▸ Assignment
With both ends included, repeat exactly the lines of the entries below from the one containing "Striking Dutch design from the 1920s." down to the one containing "In very good original", and no others.

▸ Records to use
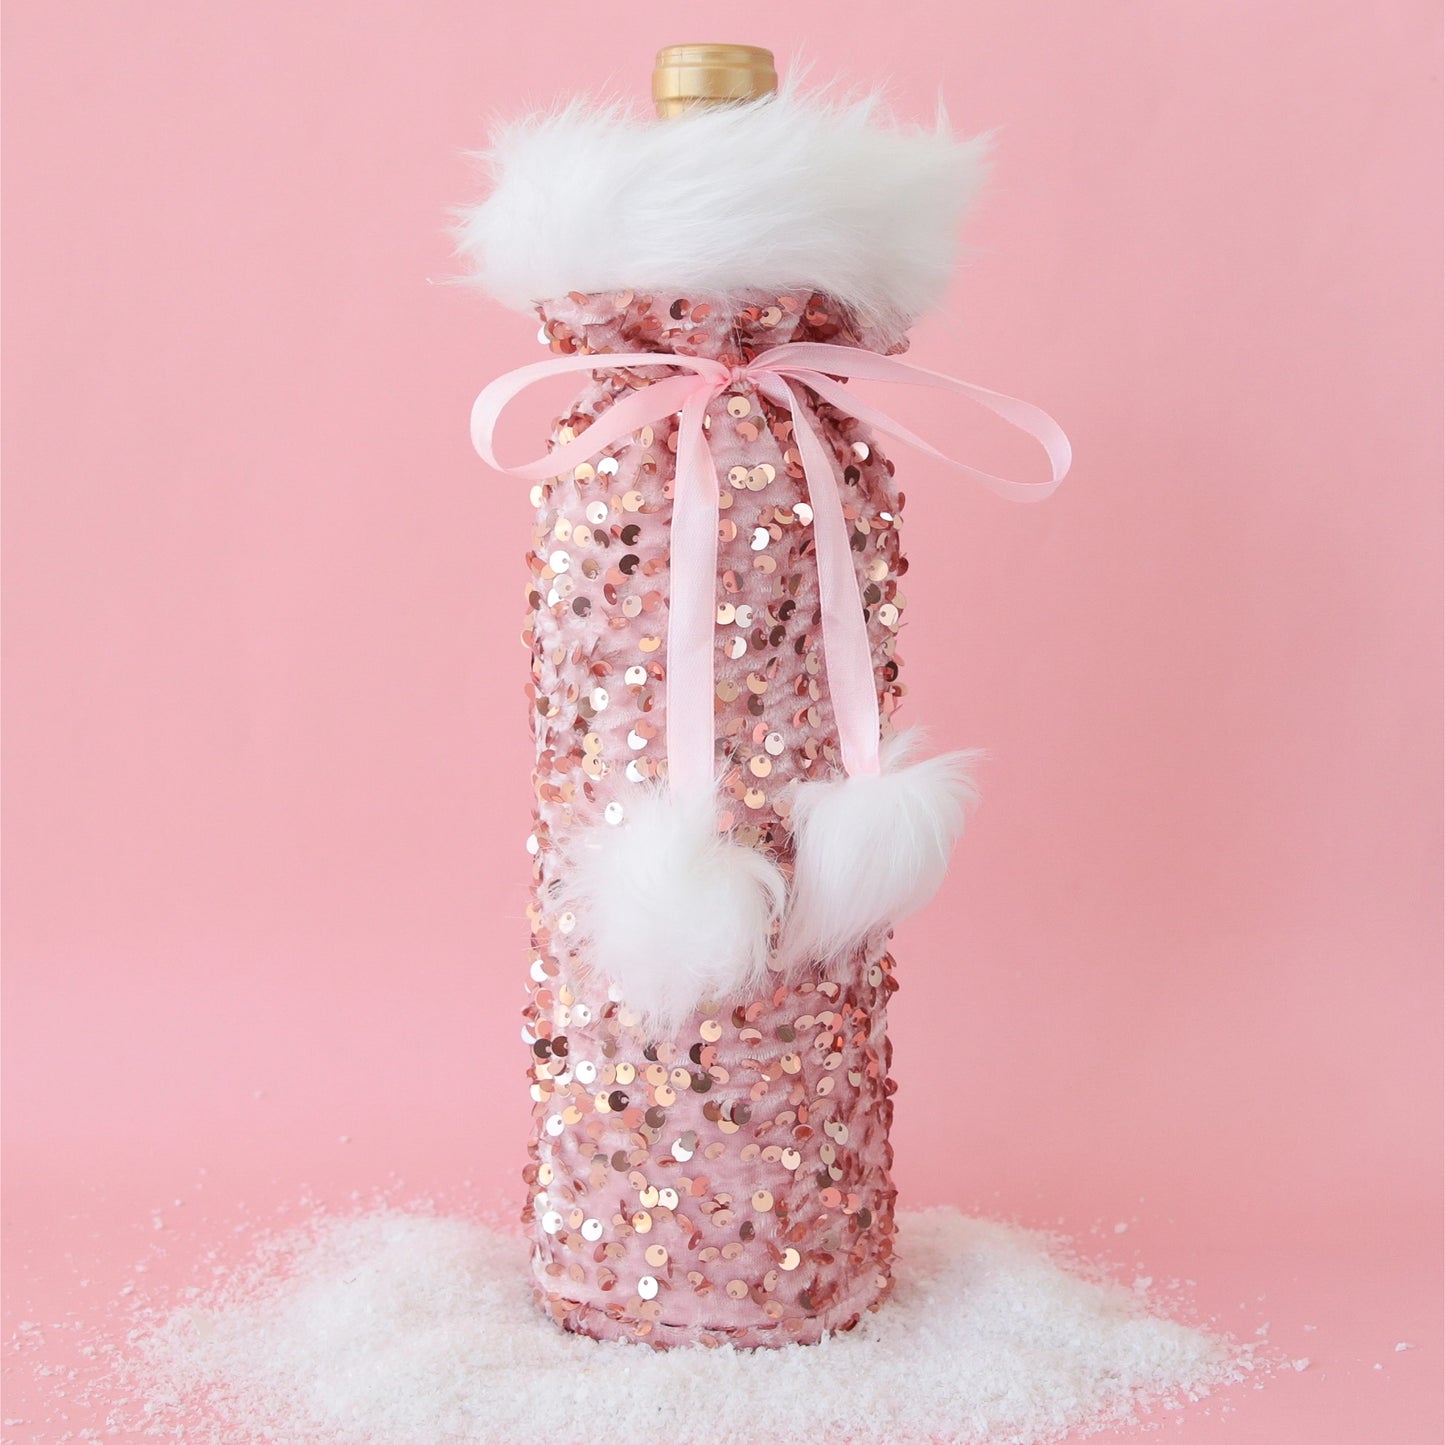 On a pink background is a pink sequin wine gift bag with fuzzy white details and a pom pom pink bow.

...

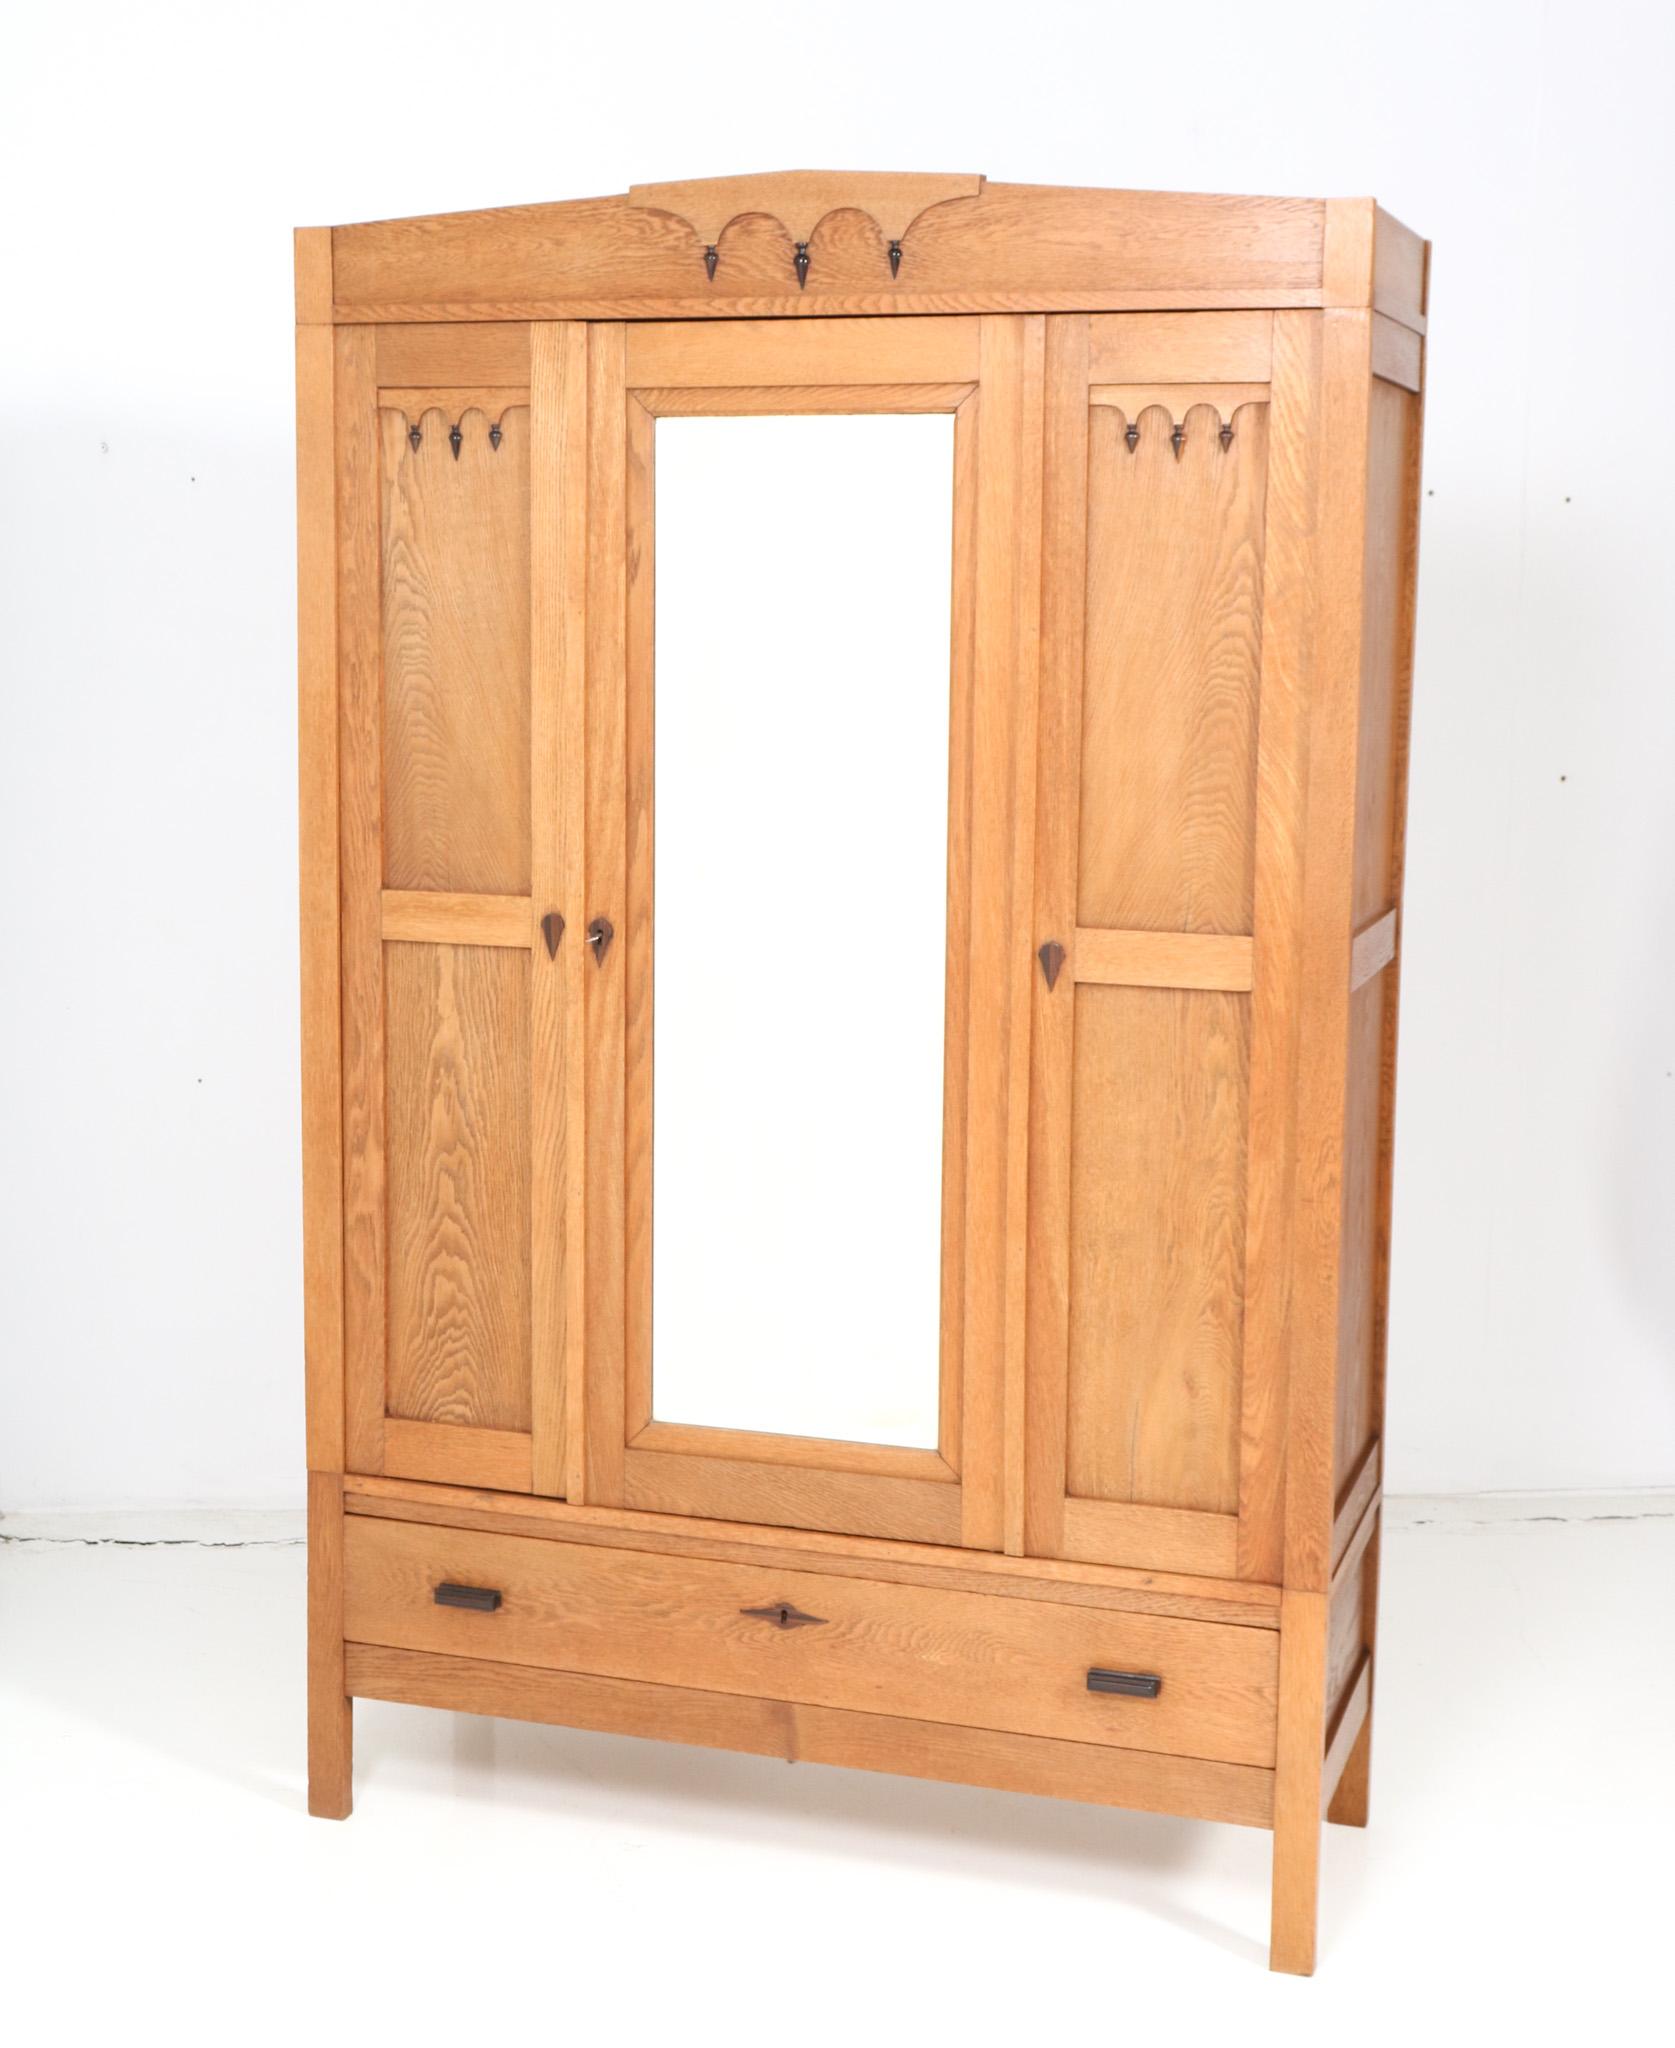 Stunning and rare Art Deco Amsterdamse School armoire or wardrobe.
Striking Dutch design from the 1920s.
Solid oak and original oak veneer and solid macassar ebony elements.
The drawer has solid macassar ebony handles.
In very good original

▸ Exercise solution
Striking Dutch design from the 1920s.
Solid oak and original oak veneer and solid macassar ebony elements.
The drawer has solid macassar ebony handles.
In very good original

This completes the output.